Mars colony, with gleaming hydroponic tanks, then I might include slums for my
gritty hero to walk down, but not enclaves of diversity, let alone walled
ghettos. I say: Forget diversity.
A cry of
disbelief, directed down at me from the peanut gallery: “What? —You can’t
forget diversity! (It’s so true, good and beautiful) Don’t you want to nurture
and fertilize it?”
Let the last words
be George Carlin’s, (p 158) italics his:
I used to be Irish Catholic. Now I’m an American. You know—you GROW.
Sean Crawford
October
Calgary
2016
Footnotes:
~Last Words by George Carlin
with Tony Hendra
Free Press
New York, NY
2009
Trade paperback
edition, quoted here, November 2010
A Memoir,
with Introduction
by Tony Hendra
~I think Crichton
was a guest on the PBS Charlie Rose show more times than any one else: I wish Crichton’s
estate would put the Charlie Rose interviews back on his web site…
~I wrote of
Crichton and the “politicization of science” in my essay Angry With Michael Crichton archived November 2011
I used to be uncomfortable with George Carlin's humour as it was too "real" for me when I wanted to live in denial of anything the least bit political. Politics drives me snaky. But hey, if you aren't getting any regular mail or telephone calls, just join a political party; no matter which one you join you will be sure to have regular contact with another human being. You can get a chuckle as I do when they ask for donations. I feel like I'm among the privileged rich from the tone of their invitation to donate.

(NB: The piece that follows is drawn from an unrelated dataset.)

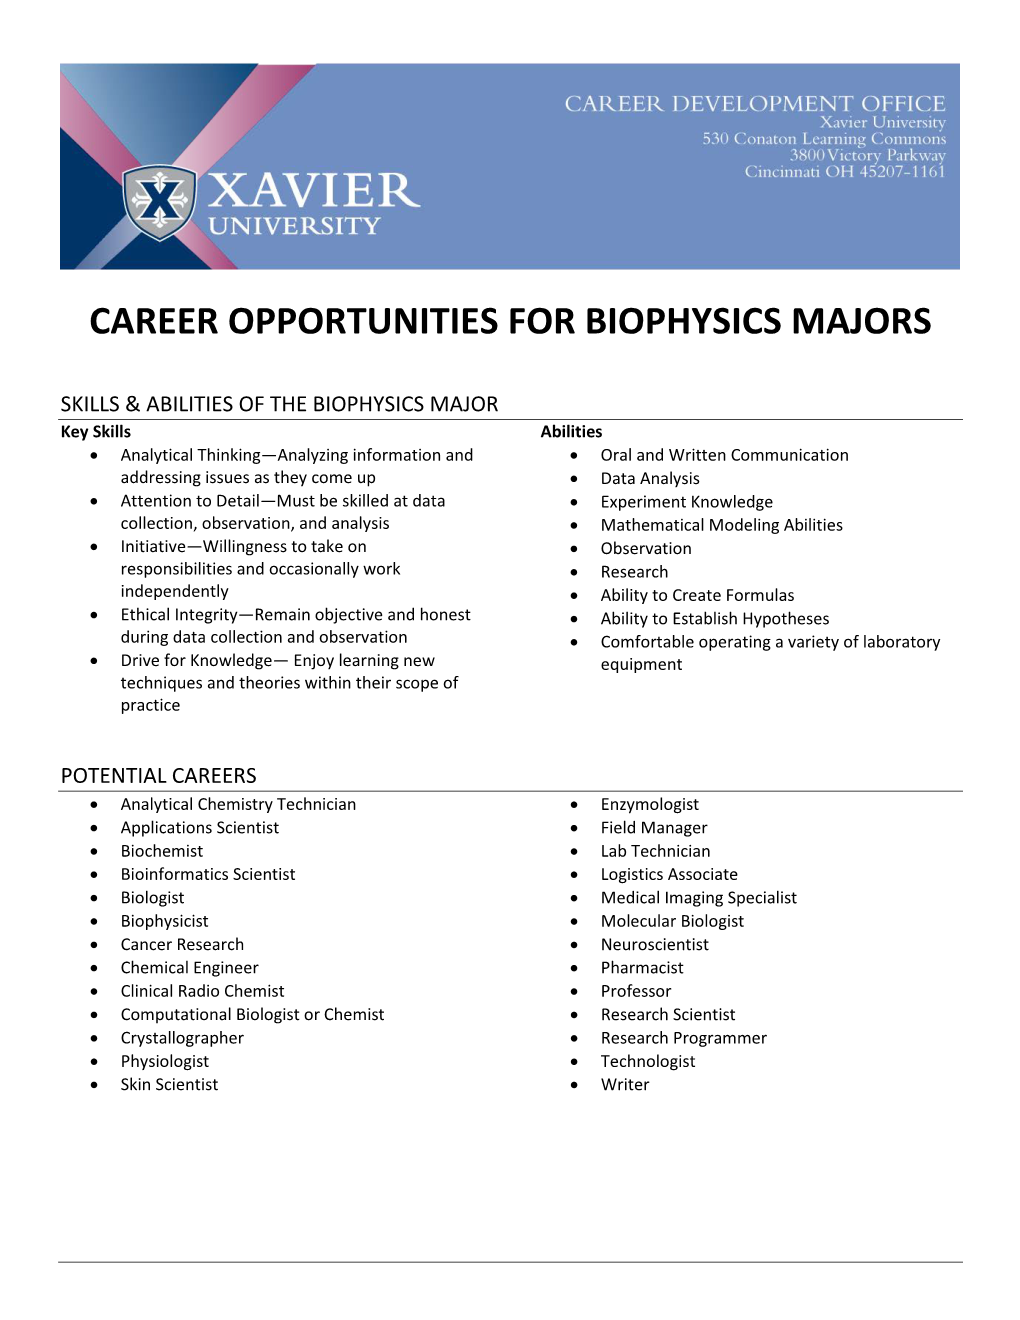 Career Opportunities for Biophysics Majors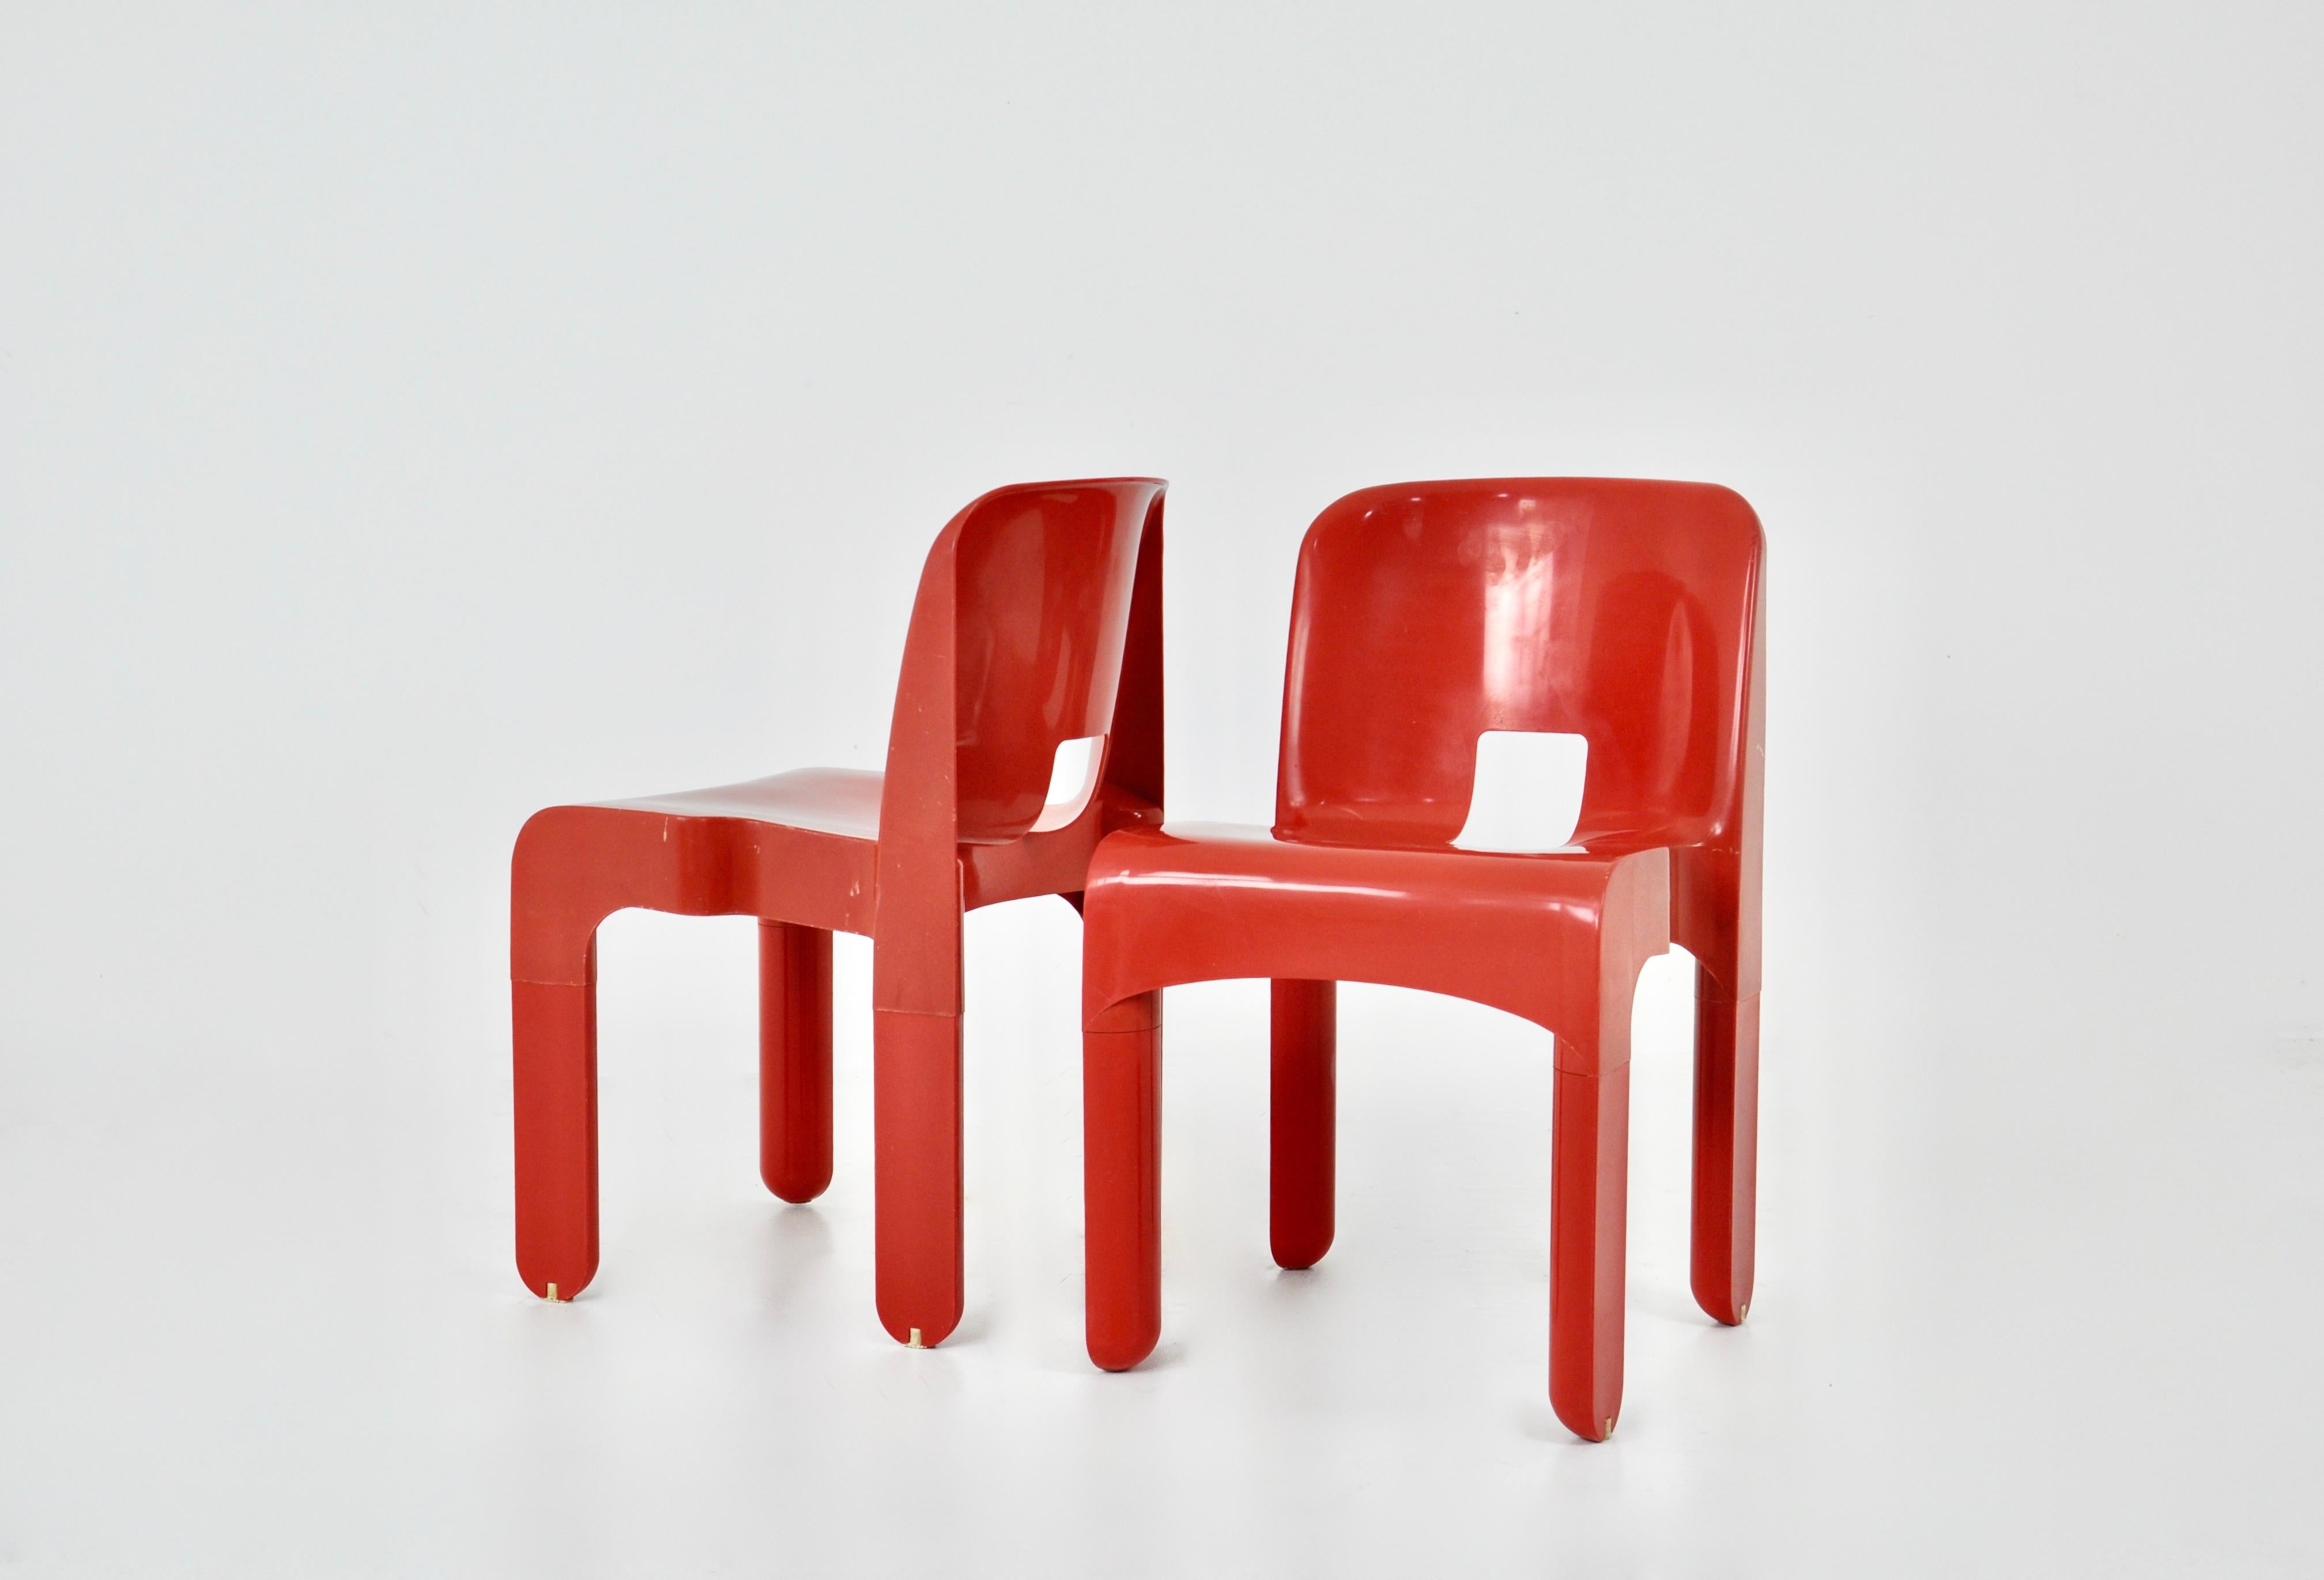 Chaises rouges de Joe Colombo. Modèle 4867. Estampillé sous les chaises. Usure due au temps et à l'âge des chaises.

ReplyDeleteThat's amusing.
ReplyDeleteSince for every political party, only less than one per cent of the membership can be a politician, there really are good ones: After all, a more sure route to riches is business or law. As a news reporter I liked the ones I met. My last MLA was so good he stayed in office although his party sank. I was not the only one tell him people voted the man, not the party.
I intent to blog soon about Eric Kierans. Too bad so few people have checked out his life story, "Remembering," so few that the library turfed it.
One day when I displayed initiative by walking into a party office on my own, they made sure I walked out with a hand-made ceramic badge.
Party membership hasn't been as popular, nor have a lot of things, since the invention of television.
Cindy, since you worked on parliament hill, I guess you would know the politicians Kierans mentions. To me the names are like hearing old hockey players: they ring a bell, but I can't say the faces or which teams.